After 8 weeks tracking 12 sites, I’ve measured real visibility detection rates 3 times higher than automatic trackers set on exact keywords. The standard deviation between the two methods? +300% of mentions captured.
This protocol has another edge: it forces you to read responses. You spot weak signals, like a new competitor brand emerging in recommendations, or a semantic angle you hadn’t exploited. It’s field SEO, AI version.
Take Control of Your AI Visibility: Where to Start Tomorrow
Stop seeing your AI tracking as an SEO dashboard. Multiply prompts, stop measuring positions, focus instead on citation quality.
The minimal version I recommend to start in 24 hours:
- Pick 3 key commercial concepts (no more).
- For each concept, write 10 real questions your customers ask support.
- Generate 5 variants for each question with an LLM, including errors and different languages.
- Open a spreadsheet with columns: prompt, variant, engine, brand cited, recommendation, source, tone, free note.
- Each morning for 14 days, launch 5 random prompts and fill in the corresponding row.
- After two weeks, calculate the mention ratio and composite score per concept.
You need no subscription. Just a browser and analytical rigor. I do this for my clients until they master the process. After 14 days, you already see much more clearly.
In 2026, being visible in AI isn’t enough. You must know if you truly are and whether that visibility has commercial value. The only way to know is measure how AI actually works: with fluidity, context, and nuance.

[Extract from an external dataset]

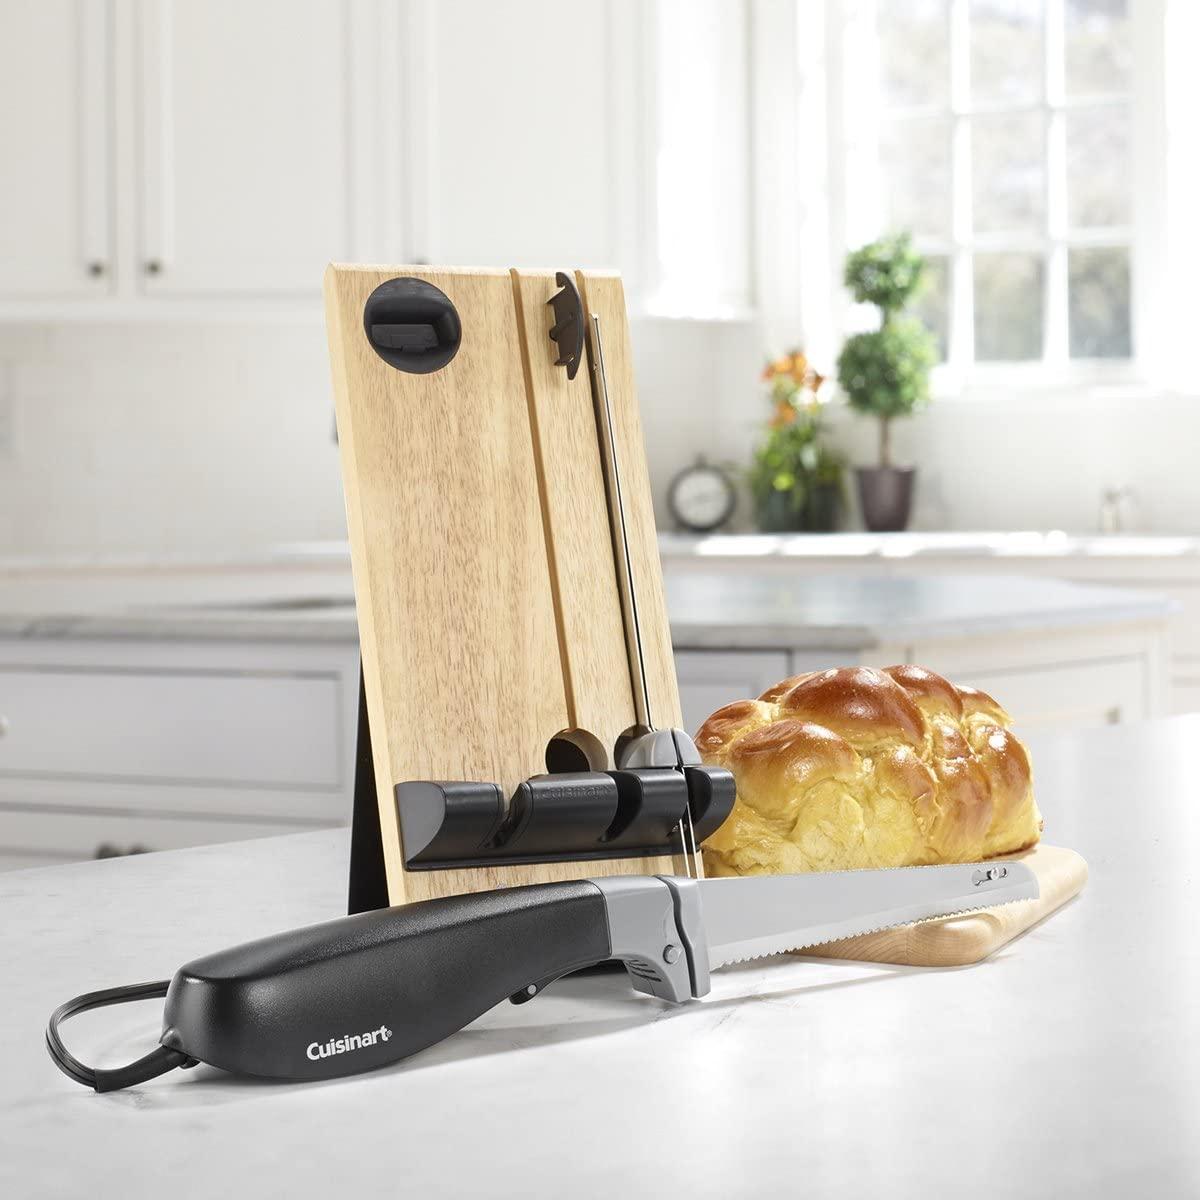 Cuisinart(クイジナート) 電動ナイフ ブラック CEK40の商品画像4

So, will you keep tracking keywords like 2018? Or will you start asking the right questions of your tools?
I’m not selling you the method. I’m showing you the pages.
AI Visibility Audit: I Show You the Pages, Not Just the Numbers
In 1 hour, I analyze your current GEO data, spot measurement biases, and deliver a custom tracking grid for your key concepts. No tool, no commitment.
Book a strategic call — 45 minFrequently Asked Questions
How do I measure AI visibility with no tool budget?
I take a simple spreadsheet. I define 3 concepts, generate 50 prompt variations with free ChatGPT, launch 10 daily on 3 AI platforms. I note mentions, recommendations, and tone. In 2 weeks, I have a solid foundation.
Does geographic location influence AI responses?
Absolutely. ChatGPT and Perplexity adapt recommendations based on your IP or language. Test from multiple countries with a VPN to see differences across each market.
Should I track all AI platforms or just one?
At minimum ChatGPT (free + Plus) and Perplexity. Their sources differ. If Google AI Overviews is active in your sector, add it. With these three, you cover 80% of the landscape.
What tracking frequency makes sense?
I do weekly tracking to spot trends. Daily variations are too noisy. Once stability is reached, monthly checkpoints suffice, except during competitor launches.
Does AI visibility replace classic SEO tracking?
No, it compléments it. SEO captures typed queries, AI captures conversations. Both target different intents. Pilot them with two separate dashboards.